Checks must return a tuple `(status, evidence)` where `status` is a `Status` enum: `PASS`, `FAIL`, `WARN`, `SKIP`, or `ERROR`.

You can use fact values inside a check to make a decision and craft evidence:

```python
import os
from mr_kot import check, Status, fact

@fact
def cpu_count() -> int:
    return os.cpu_count() or 1

@check
def has_enough_cpus(cpu_count: int):
    required = 4
    if cpu_count >= required:
        return (Status.PASS, f"cpus={cpu_count} (>= {required})")
    return (Status.FAIL, f"cpus={cpu_count} (< {required})")
```

If you want a fact or fixture for its side effect (e.g. you don't need its value inside the function), use `@depends` instead of adding it as a function parameter.

```python
from mr_kot import check, depends, fixture, Status

@fixture
def side_effectful_fixture():
    mount("/data")
    yield True
    umount("/data")

@check
@depends("side_effectful_fixture")
def fs_write_smoke():
    with open("/data/test", "w") as f:
        f.write("ok")
        return (Status.PASS, "ok")
```

### Selectors
Selectors decide whether a check instance should run, based on fact values.
They are passed as a parameter of @check(selector=...).
If selector is not passed, the check runs unconditionally after parametrization.
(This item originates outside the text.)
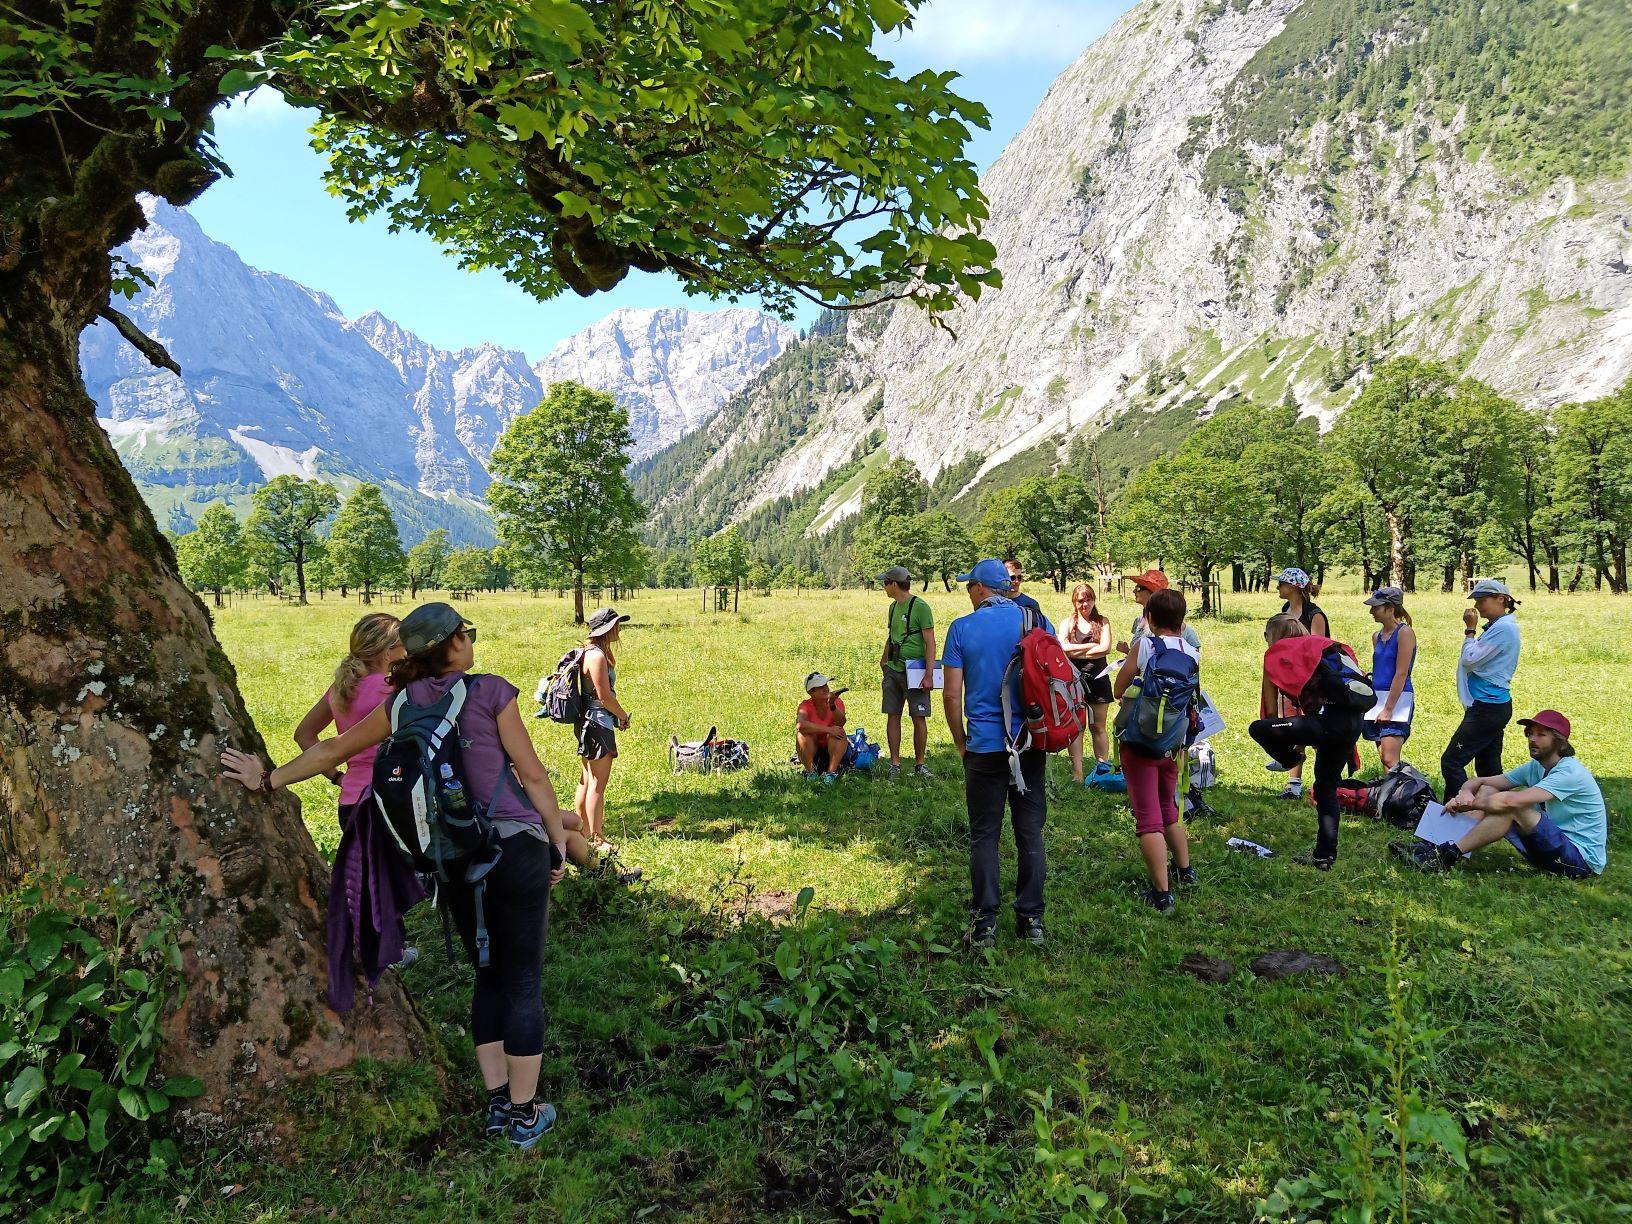 Wo Das Wasser Den Ton Angibt – Tiroler Naturführerkurs Modul 1 In Hinterriß, Naturpark Karwendel, 9.-12. Juli 2020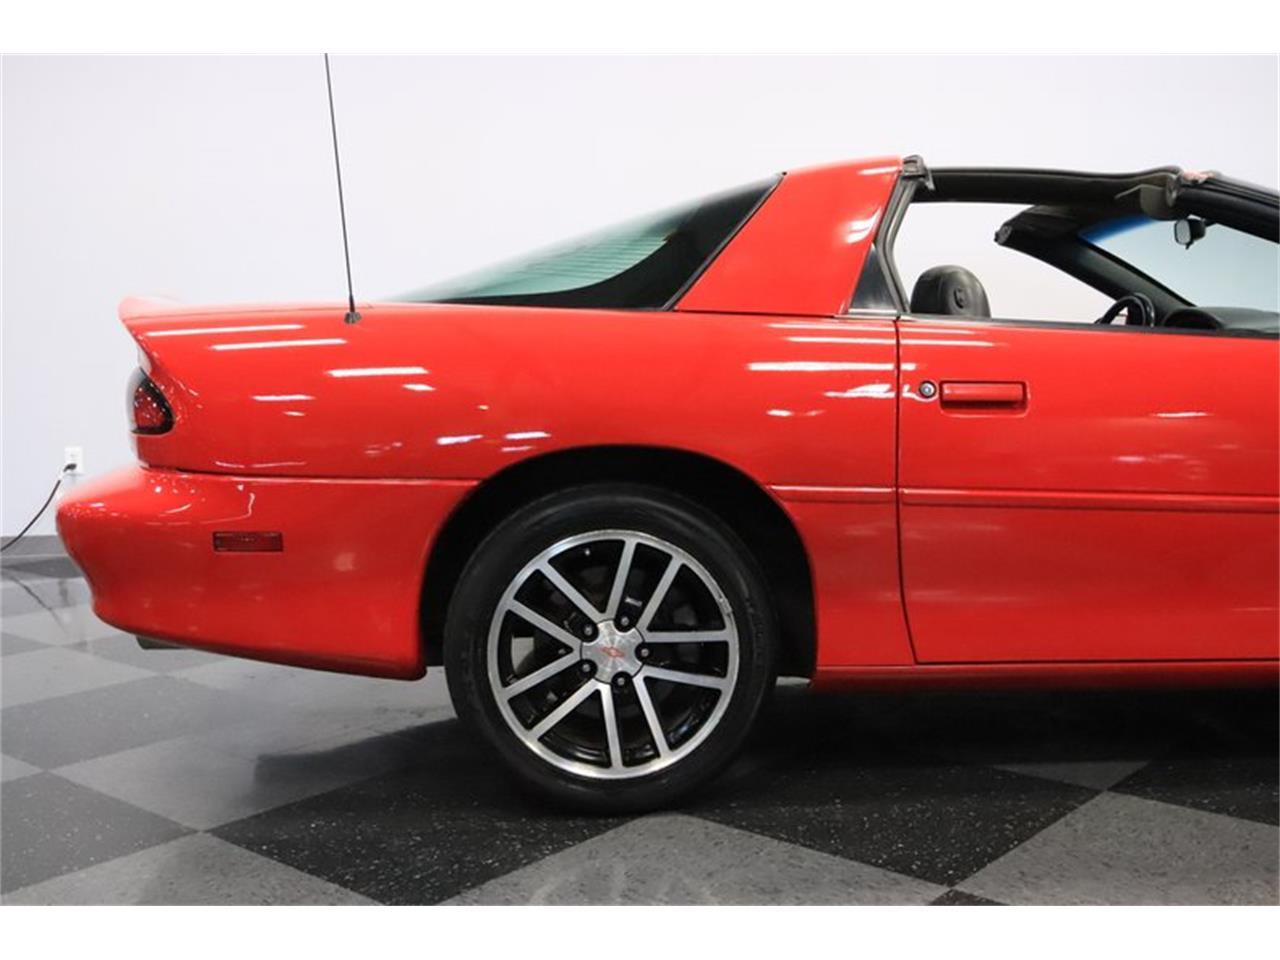 2002 Chevrolet Camaro (CC-1217034) for sale in Mesa, Arizona

There are two forms of the selectors:

- **String shorthand (recommended for common cases):** a comma-separated list of fact names. All listed facts must exist and evaluate truthy for the check to run.
  This is equivalent to `ALL(<fact_name>, <fact_name>, ...)`.
- **Predicate callable (advanced):** a function taking facts as arguments and returning a boolean.
  There are helper predicates available: `ALL`, `ANY`, `NOT`.

- Only facts are allowed in selectors; fixtures are not allowed.
- Facts used solely as check arguments (not in the selector) are produced during execution; if they fail, that instance becomes `ERROR` and the run continues.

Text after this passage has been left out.